Emotional abuse is another sign of a controlling person that is often overlooked in relationships. After all, human personalities vary widely in terms of passivity, and it’s not uncommon for one person in a relationship to be significantly more passive than the other. This becomes an issue when the controlling partner or friend exudes signs of emotional abuse, which can start subtly and become much more pronounced over time.

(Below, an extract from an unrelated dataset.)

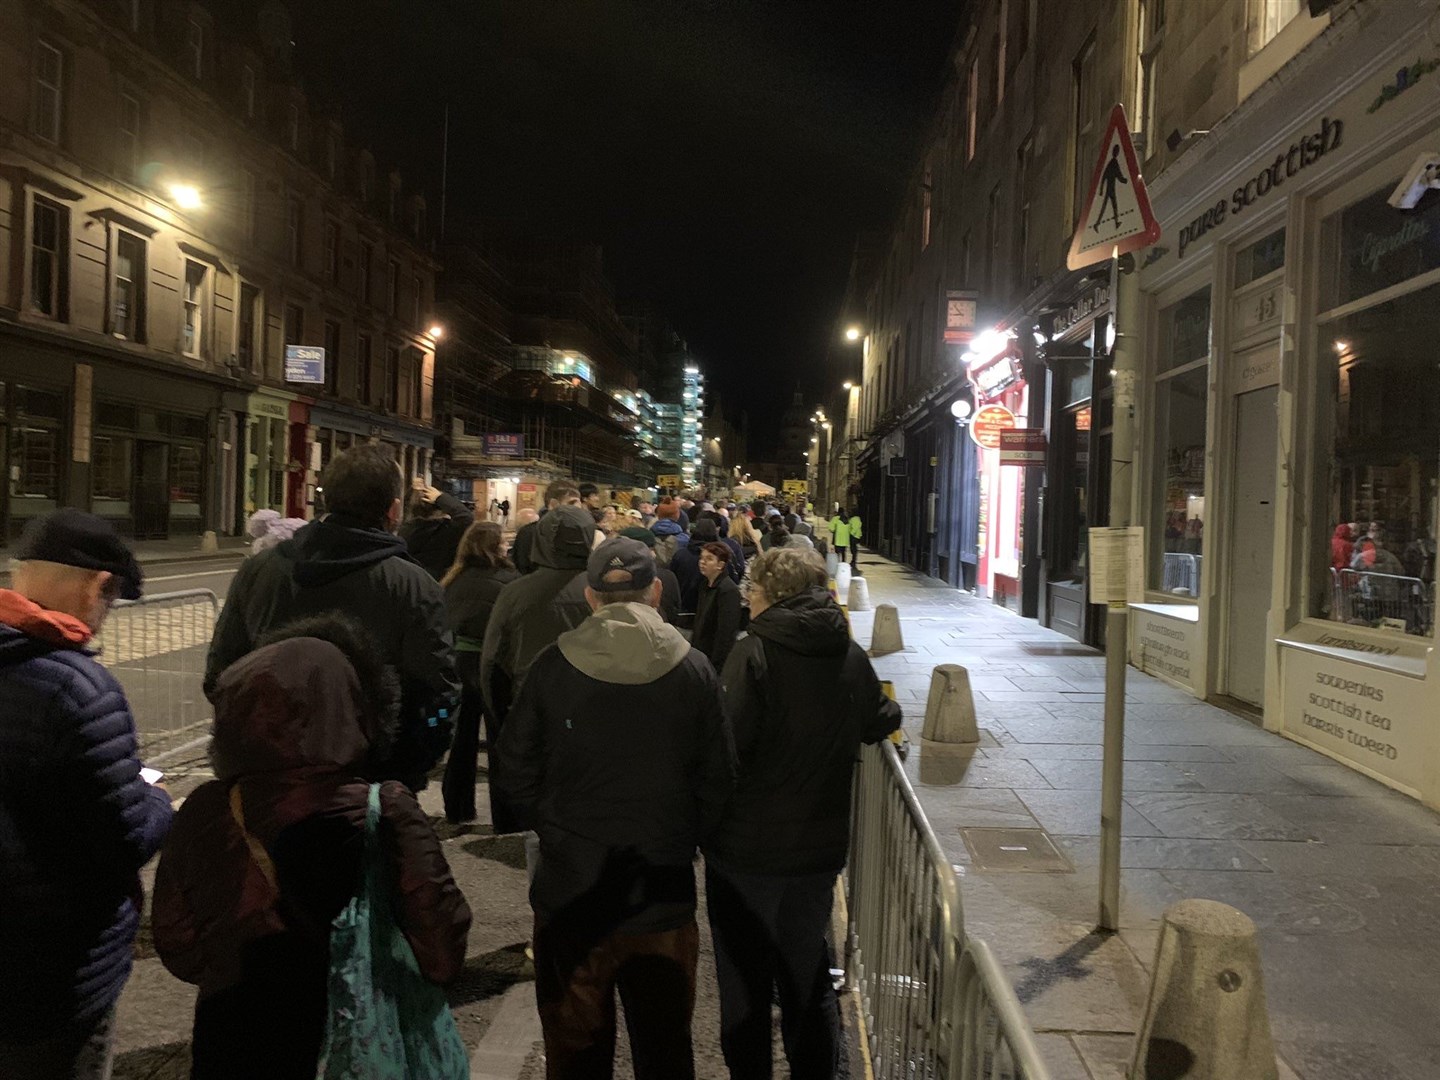 People queued into the early hours of Tuesday morning outside St Giles’ Cathedral to see the Queen’s coffin (Gavin Hamilton/PA)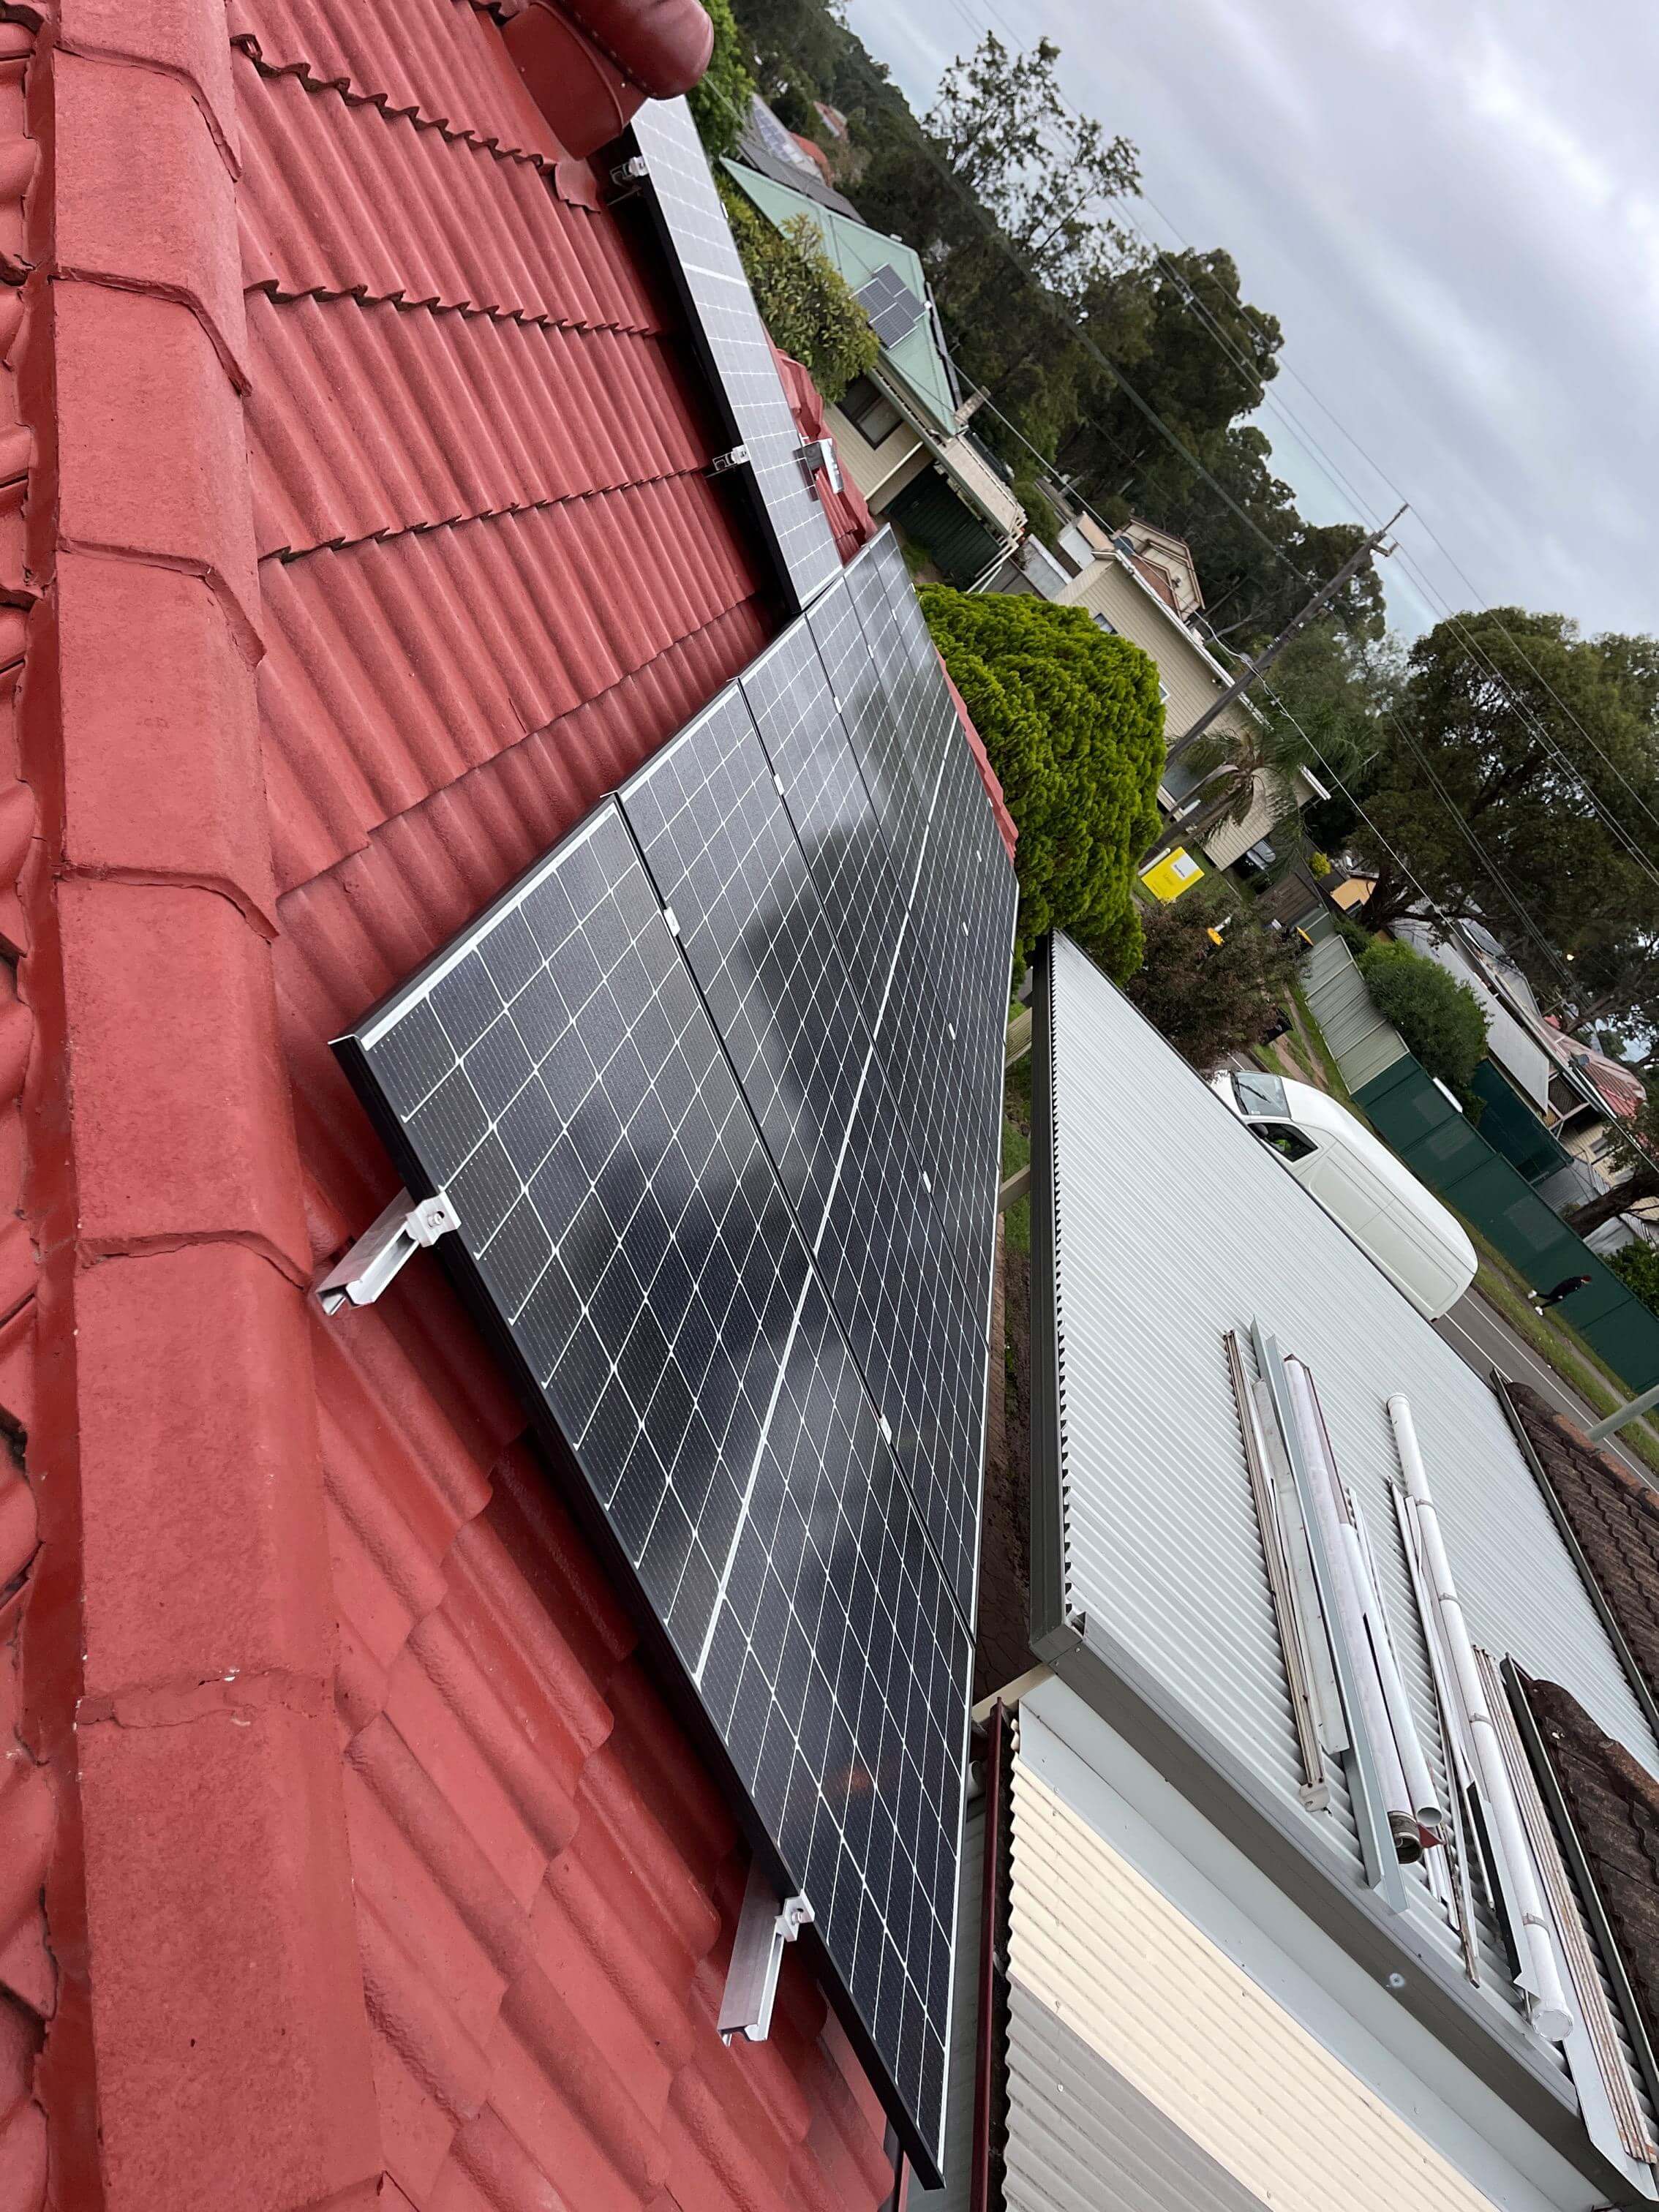 15kW solar power system – An ideal fit for large homes and businesses

Concerning signs of emotionally abusive language or behavior to watch out for include:

  • Dismissing your needs and/or belittling your interests in counterproductive ways
  • Privately or publicly shaming or humiliating you
  • Making you feel as though you can never live up to their expectations or do anything right (according to their own vague, subjective standards)
  • Gaslighting you into thinking they said or did something that never actually happened (making you question your own reality)

Final Thoughts

It’s sometimes hard to see the negative things about someone with whom we have a relationship. We may sometimes unconsciously overlook the signs of a controlling person, especially if that person is someone we have known for a long time or are close to us. However, cutting them off your life is the best thing you can do for yourself. Just watch out for these six signs of a controlling person and take immediate action when you spot them.